I think you could either do the above, or try to make your punishment quasi-positive. For example, have a nice family birthday instead, do something fun at home, and maybe encourage her instead of receiving gifts to give (donate) something to someone who never gets birthday gifts in order to put gift-getting, etc., in perspective.

ps - also usually when I was having a full out tantrum, I pretended to be mad and not want love and hugs, but I really wanted them a lot. If my mom had just caught me and resisted my struggles and bear hugged me/tickled me/laughed with me, I would have snapped out of it 9 times out of 10.

:)

dorajoan 11-14-2012 08:21 AM

Re: Mommy Mistake - How To Fix? Took Away 5yo's Birthday Party
 
ps again, even though maybe I wasn't fully "normal," my parents treated me and held me accountable as though I was. They did not diagnose me, or send me to counseling. My worst fear was that something was wrong with me, even at a young age. I wanted to be good, I was sorry, I just couldn't do it when it came down to it. I think the label that counseling would have brought would have been terrible for me. Eventually, I outgrew my tantrums, and though sometimes my anger flares, I'm an adult, and I know how to control myself. I think your daughter will be just fine.

badmisterkitty 11-14-2012 08:50 AM

Re: Mommy Mistake - How To Fix? Took Away 5yo's Birthday Party
 
Yes, this is an ongoing issue. We handled her tantrum very, very poorly last night. I just don't learn. We are so flustered with it that we try everything to calm her and do dumb things in the process that don't work and never will work. We are both tired, our kids are sick and tired. It was a setup for failure.

I'm tired of failing, so I jotted down a list Do's and Don't's in relation to her tantrums that I can hopefully reference when I'm not thinking clearly.

I like the idea of the punishment swap. I might try it if I can get her in a good mood. She will turn on a dime, plug her ears, scream at me, and much more if the subject material isn't to her liking. We are going to talk (privately) with her ped at a well appt in a couple of weeks. He can set up a referal that we can use if we need to, but I don't want to put her in therapy if it's my shortcomings as a parent that make her the way she is.

I had also thought perhaps just a party on the night of her birthday with just us might be ok. As in, no grandparents or cousins. We don't do friend parties yet. Maybe just a cupcake and the birthday song instead of the princess cake she requested. MAYBE a small present, maybe not. I really should have chosen something else instead of her birthday. I am so dumb.

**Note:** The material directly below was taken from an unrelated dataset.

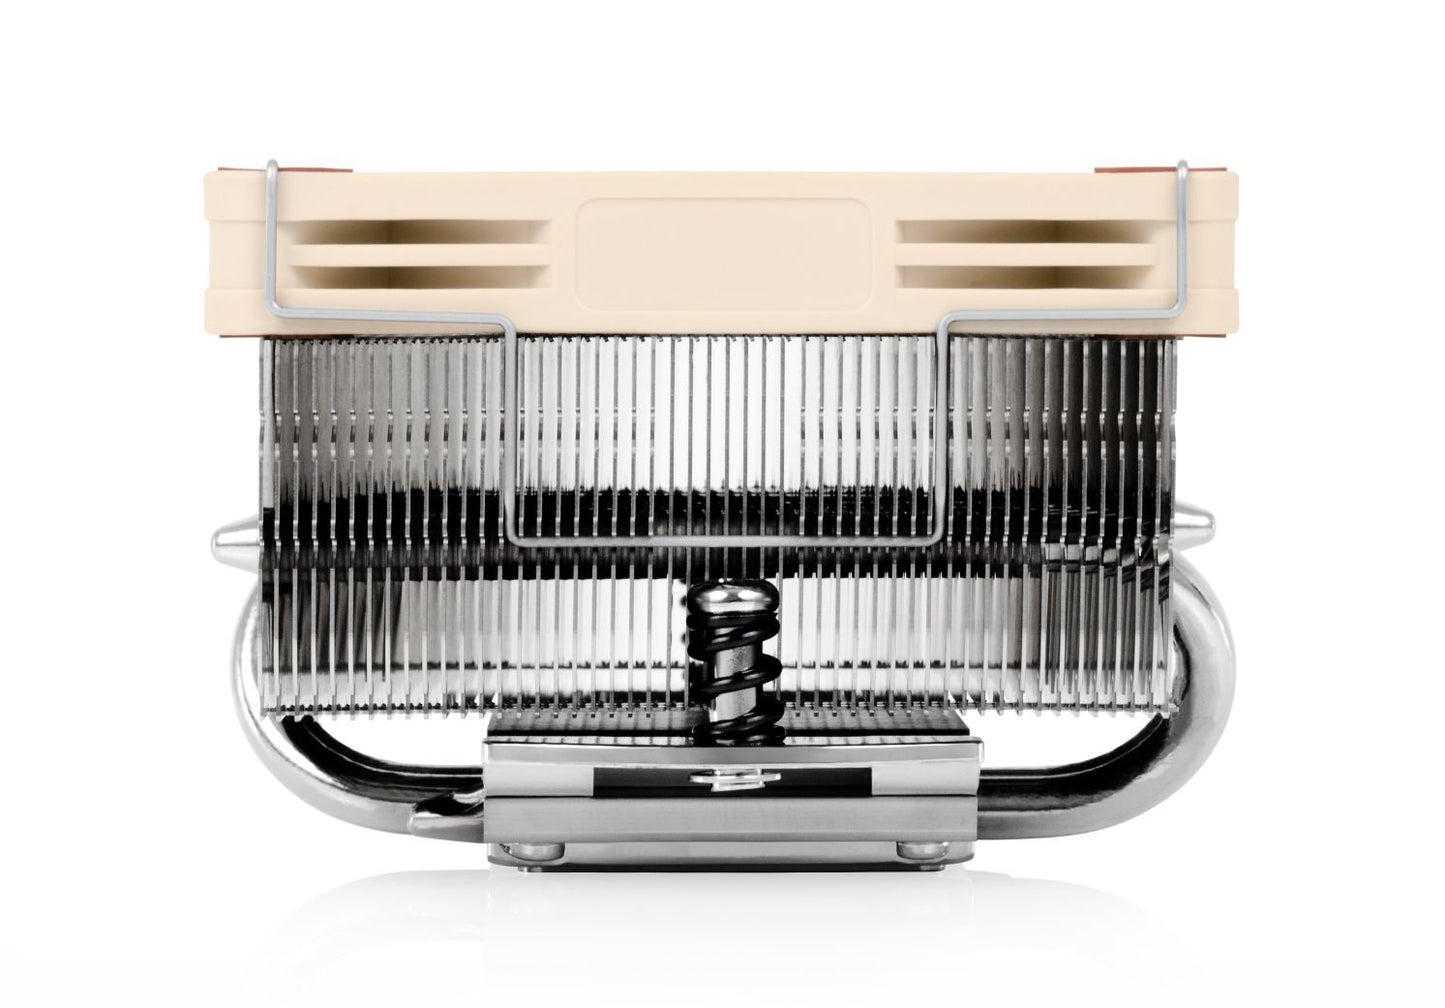 Noctua NH-L9x65 highly compact, quiet low-profile cooler

And then.....stay with me, I promise I'm almost done.....after DD finally fell asleep, I was so aggitated that I decided to pick a fight with my husband, too. I'm just so burnt out on being a constant caregiver to 3 kids and one adult without so much as a thanks. so yeah, I'm feeling like a rock star this morning.

badmisterkitty 11-14-2012 08:53 AM

Re: Mommy Mistake - How To Fix? Took Away 5yo's Birthday Party
 
ETA: I'm also going to find some parenting books. I said I'd never use them, I had it all figured out, but in all of 5 years I still have no idea what to do sometimes. I'm going to look at Playful Parenting, Love & Logic, 1 2 3 Magic (please tell me this isn't about counting to 3 to get obedience), and I'm not remembering the other title but it was something like parenting a difficult child.

erlyjo 11-14-2012 09:03 AM

:bighug:
My DD sounds a lot like your DD. She's 10 now, and we still struggle with her attitude. I wish I had advice to give, but we are still trying to figure her out! Unlike you, though, I am terrible about carrying out any punishments, and maybe that's why we are still having problems with her behavior.

erlyjo 11-14-2012 09:05 AM

Quote:

Originally Posted by badmisterkitty
ETA: I'm also going to find some parenting books. I said I'd never use them, I had it all figured out, but in all of 5 years I still have no idea what to do sometimes. I'm going to look at Playful Parenting, Love & Logic, 1 2 3 Magic (please tell me this isn't about counting to 3 to get obedience), and I'm not remembering the other title but it was something like parenting a difficult child.

And I can't tell you how many books I've read and therapists we've seen. Some kids are just HARD!